One way of copying values from
temp
into
m
is:

m.insert(temp.begin(),temp.end());


How can I move the
temp
elements into
m
, instead of copying?

Answer

HINT: Read the update first!

The current C++11 standard and the C++14 draft do not provide a member function to enable this feature. As lavr suggested you can still write

m.insert(make_move_iterator(begin(temp)),
         make_move_iterator(end  (temp)));

which will copy the values from the source container into the destination container. However, neither the container nodes nor the keys will be moved. This makes memory allocations necessary (at least for the creation of the new nodes in the destination map). The number of elements in the source container will remain the same.
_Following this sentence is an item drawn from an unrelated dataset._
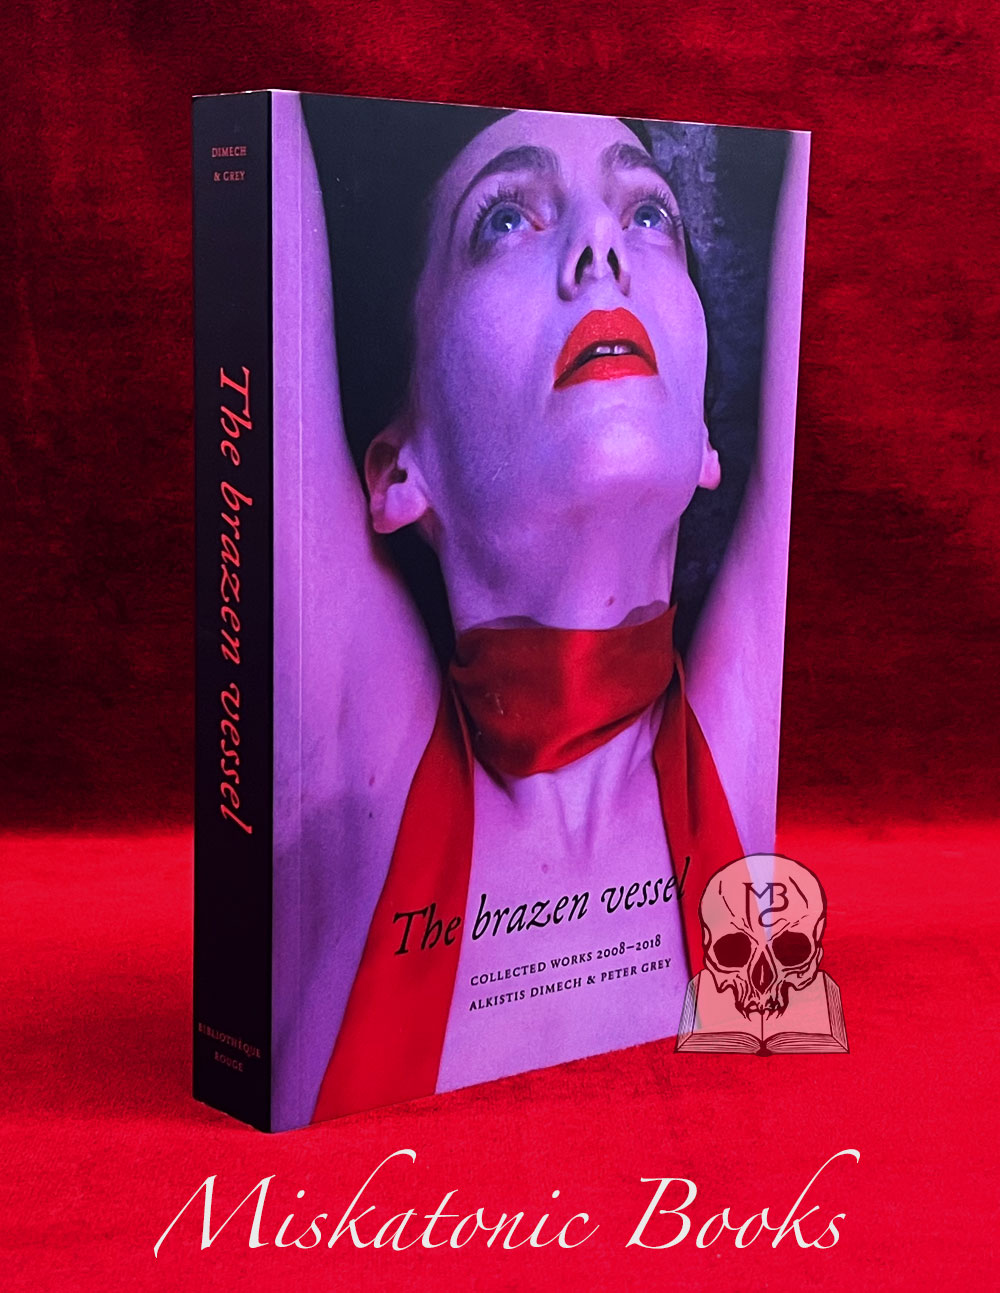 THE BRAZEN VESSEL by Alkistis Dimech & Peter Grey - Paperback Edition

The reason behind the copying is simple: The value type of std::map is std::pair<const Key,T>. And moving from a const Key is essentially copying the key (unless someone overloaded the Key constructor which takes a const Key &&, for which I cannot think of an adequate reason).
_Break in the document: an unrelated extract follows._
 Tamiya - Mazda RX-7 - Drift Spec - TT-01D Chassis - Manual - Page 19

If you need to move data from one container to another you may consider using std::list instead of std::map. It has a member function splice which moves the elements from one list to another in constant time.

UPDATE:

Since C++17 there is the function std::map::merge() which basically puts all the elements of one std::map into another std::map without moving or copying the actual elements, but by repointing internal pointers only. It is very similar to std::list::splice() which exists since C++98.

So you may write

m.merge( temp );

to accomplish your goal. This is more efficient than copying or moving all the elements from one container to the other.

But beware! Conflicting keys won't be resolved: For coinciding keys nothing will be done.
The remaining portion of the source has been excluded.